------ Extracted material

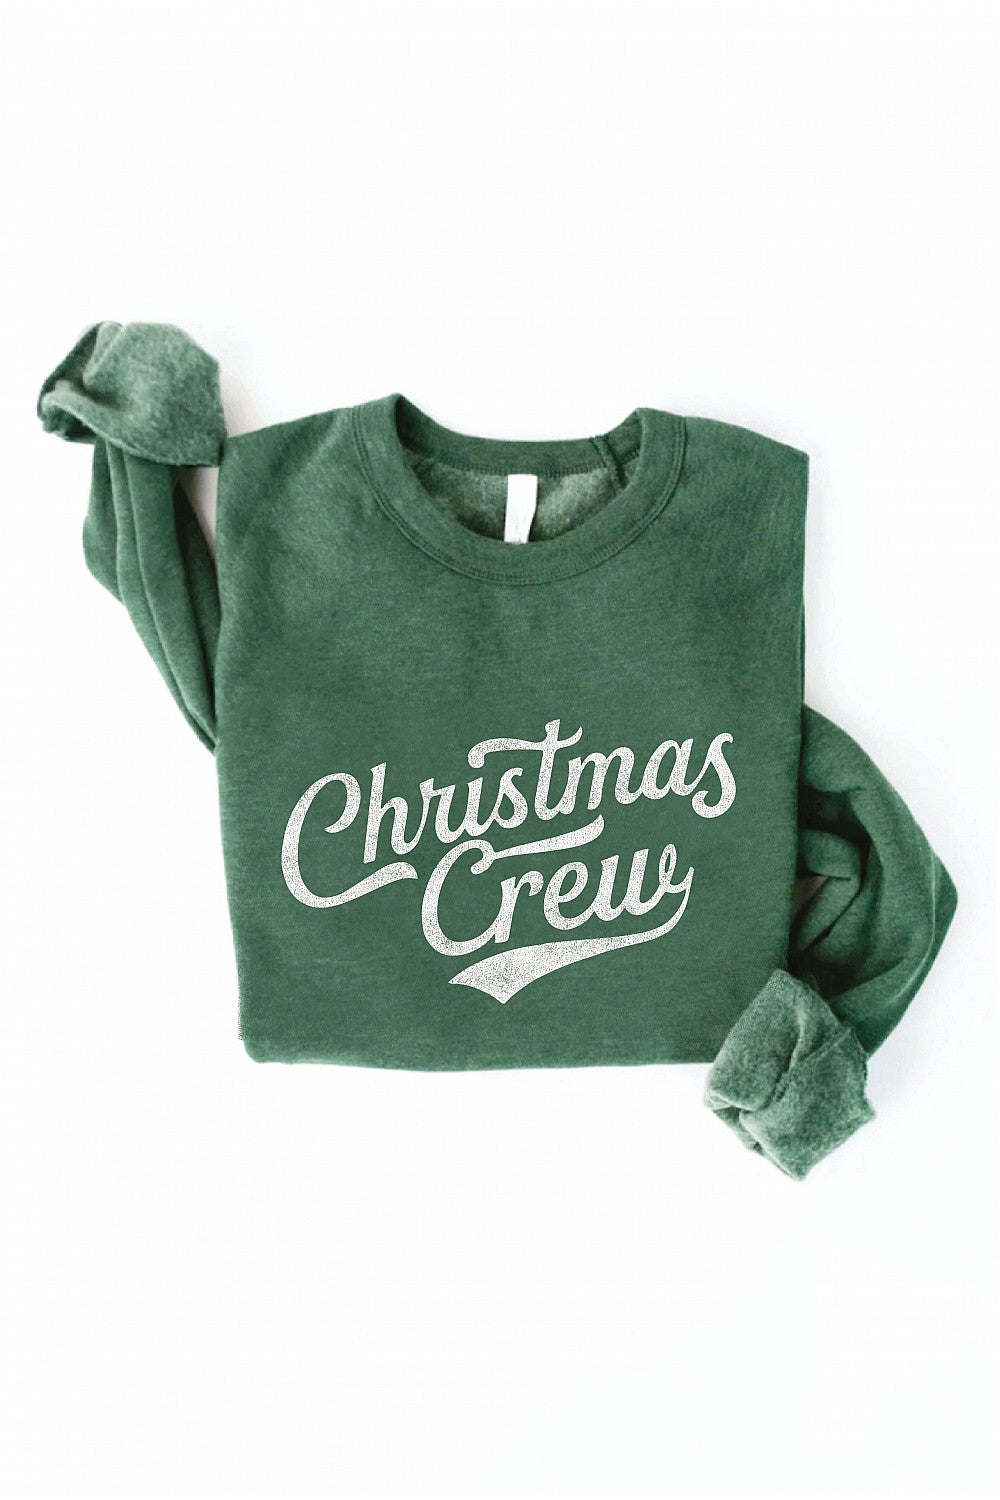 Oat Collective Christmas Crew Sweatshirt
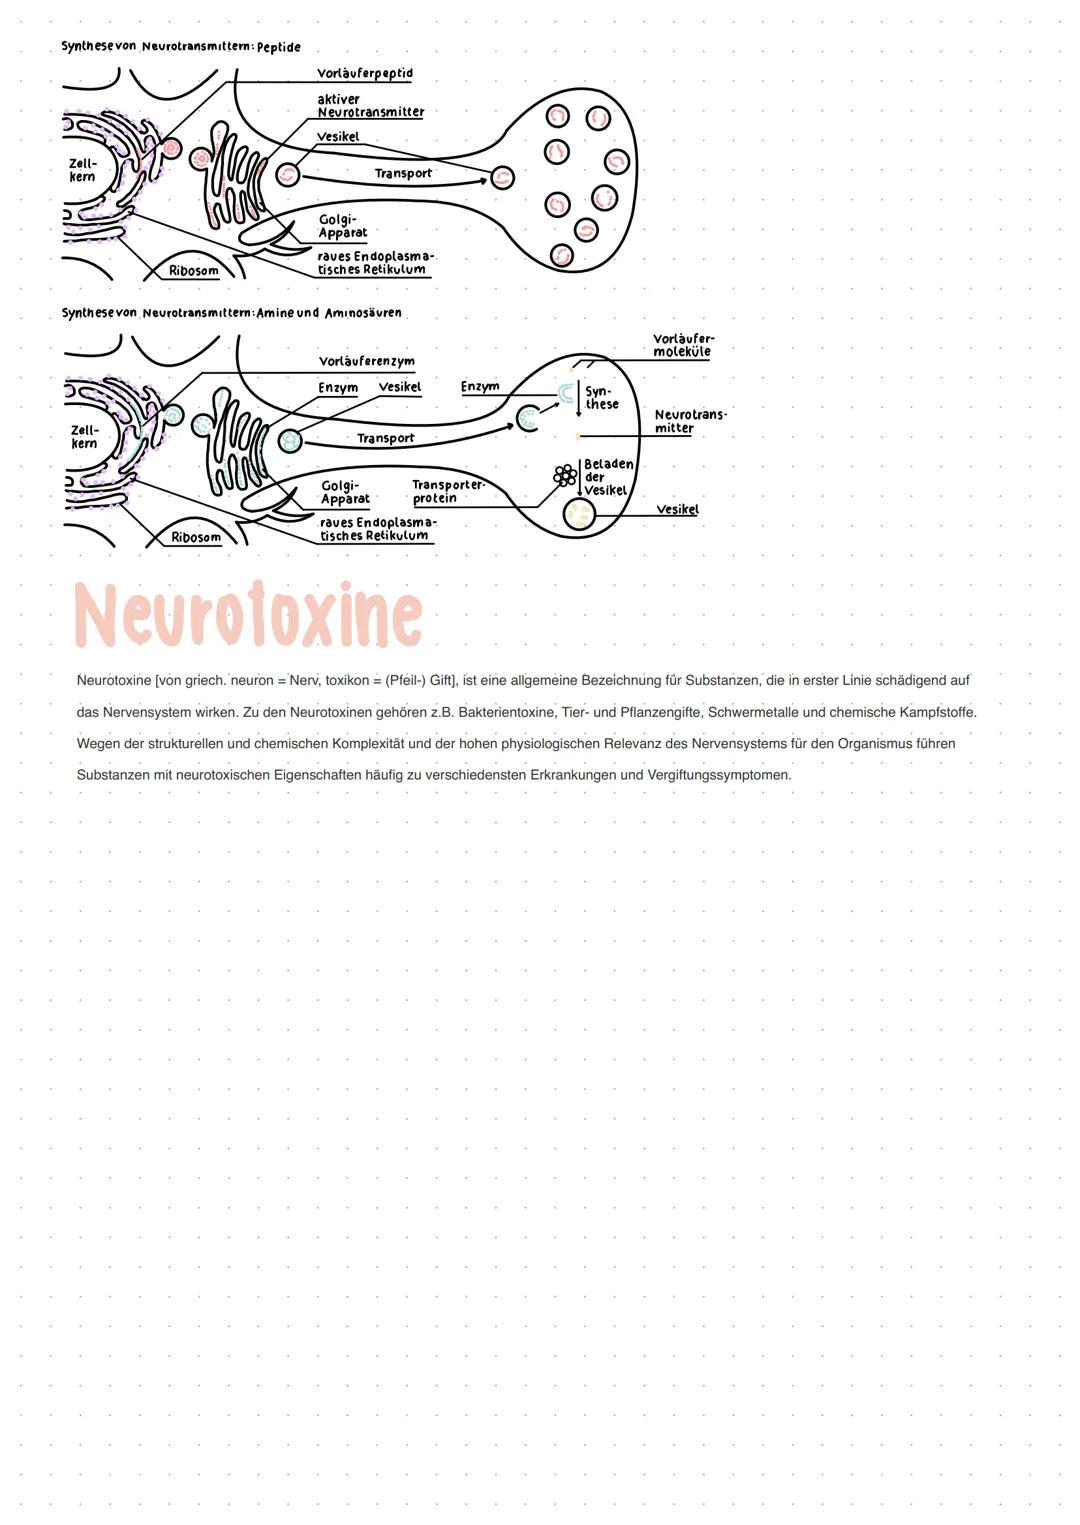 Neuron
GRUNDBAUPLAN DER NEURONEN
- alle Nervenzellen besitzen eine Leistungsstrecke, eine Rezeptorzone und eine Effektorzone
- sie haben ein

------------

** Exercise brief **
Each line above should be set down exactly as written, with pictures excluded.

** Answer box **
 Oat Collective Christmas Crew Sweatshirt
 Neuron
GRUNDBAUPLAN DER NEURONEN
- alle Nervenzellen besitzen eine Leistungsstrecke, eine Rezeptorzone und eine Effektorzone
- sie haben ein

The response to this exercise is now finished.